Он почти уже не может дышать, но продолжает.
— Это был мужчина, — говорит он, и хотя он не смотрит на Виллема, сосредоточив взгляд на светильнике, он чувствует, как тот ободряюще кивает, ждет продолжения. Но он не может продолжить, Виллему придется задавать вопросы, и Виллем их задает.
— Расскажи мне о нем. Как долго вы встречались?
— Четыре месяца.
— И почему это закончилось?
Он думает, как ответить.
— Он не очень хорошо ко мне относился, — говорит он наконец.
Он чувствует гнев Виллема раньше, чем слышит ответ.
— Значит, он был придурок, — говорит Виллем сдавленным голосом.
— Нет, он был очень умный. — Он открывает рот, чтобы сказать что-то еще, но не может, закрывает рот, и они дальше лежат в молчании.
Наконец Виллем задает новый вопрос:
— И что потом случилось?
Он ждет, и Виллем ждет тоже. Он слышит, как они дышат в такт: так, словно вбирают в себя весь воздух этой комнаты, этой квартиры, этого мира, и потом выдыхают — только они двое, одни на свете. Он считает выдохи: пять, десять, пятнадцать. На двадцатом он говорит:
— Если я расскажу тебе, Виллем, обещаешь не сердиться? — И он снова чувствует, как Виллем чуть сдвигается.
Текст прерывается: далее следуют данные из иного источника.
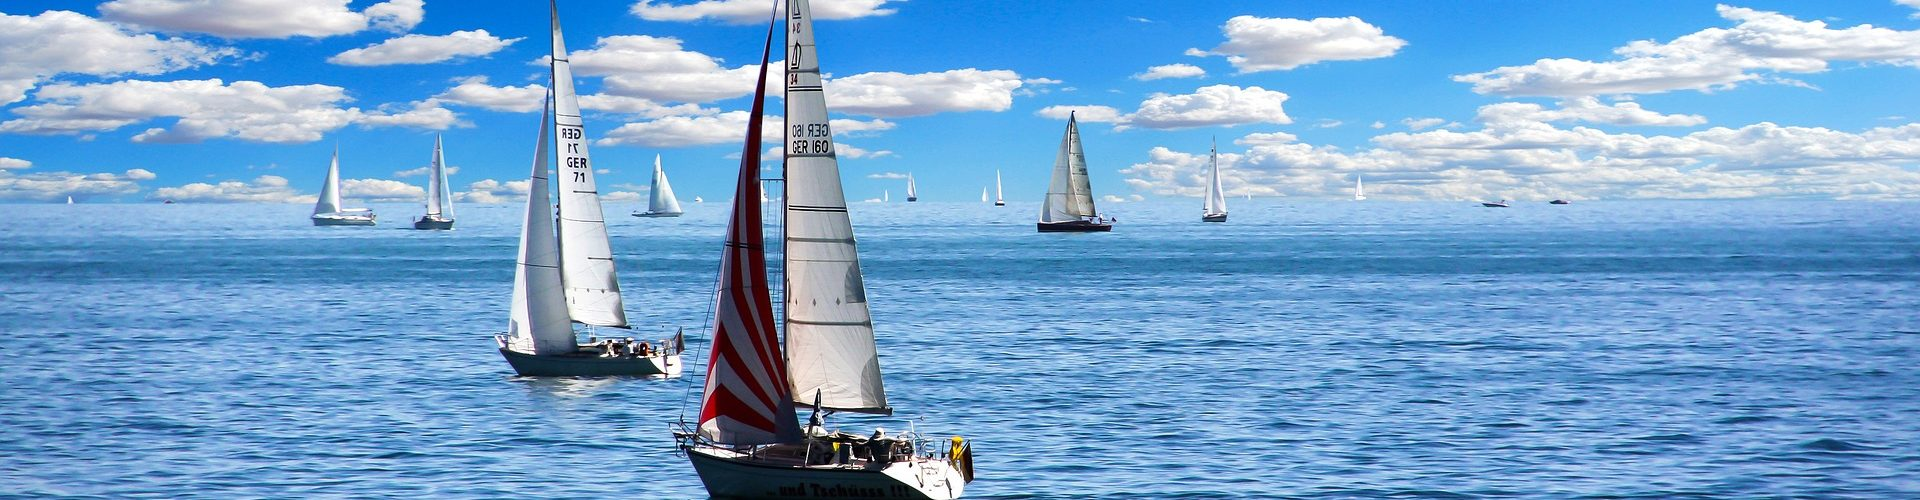 segeln lernen in Rohr in Niederbayern segelschein machen in Rohr in Niederbayern 1920x500 - Segeln lernen in Rohr in Niederbayern

— Обещаю, — глухо отвечает Виллем.
Он делает глубокий вдох.
— Помнишь, я попал в автомобильную аварию?
— Да, помню, — отвечает Виллем. Его голос звучит неуверенно, приглушенно. Он часто дышит.
— Это была не авария. — Его руки начинают дрожать, он прячет их под одеяло.
— В каком смысле? — спрашивает Виллем, но он молчит и снова скорее чувствует, чем видит, что Виллем начинает понимать. И тут Виллем подвигается к нему, смотрит ему в лицо, находит под одеялом его руки.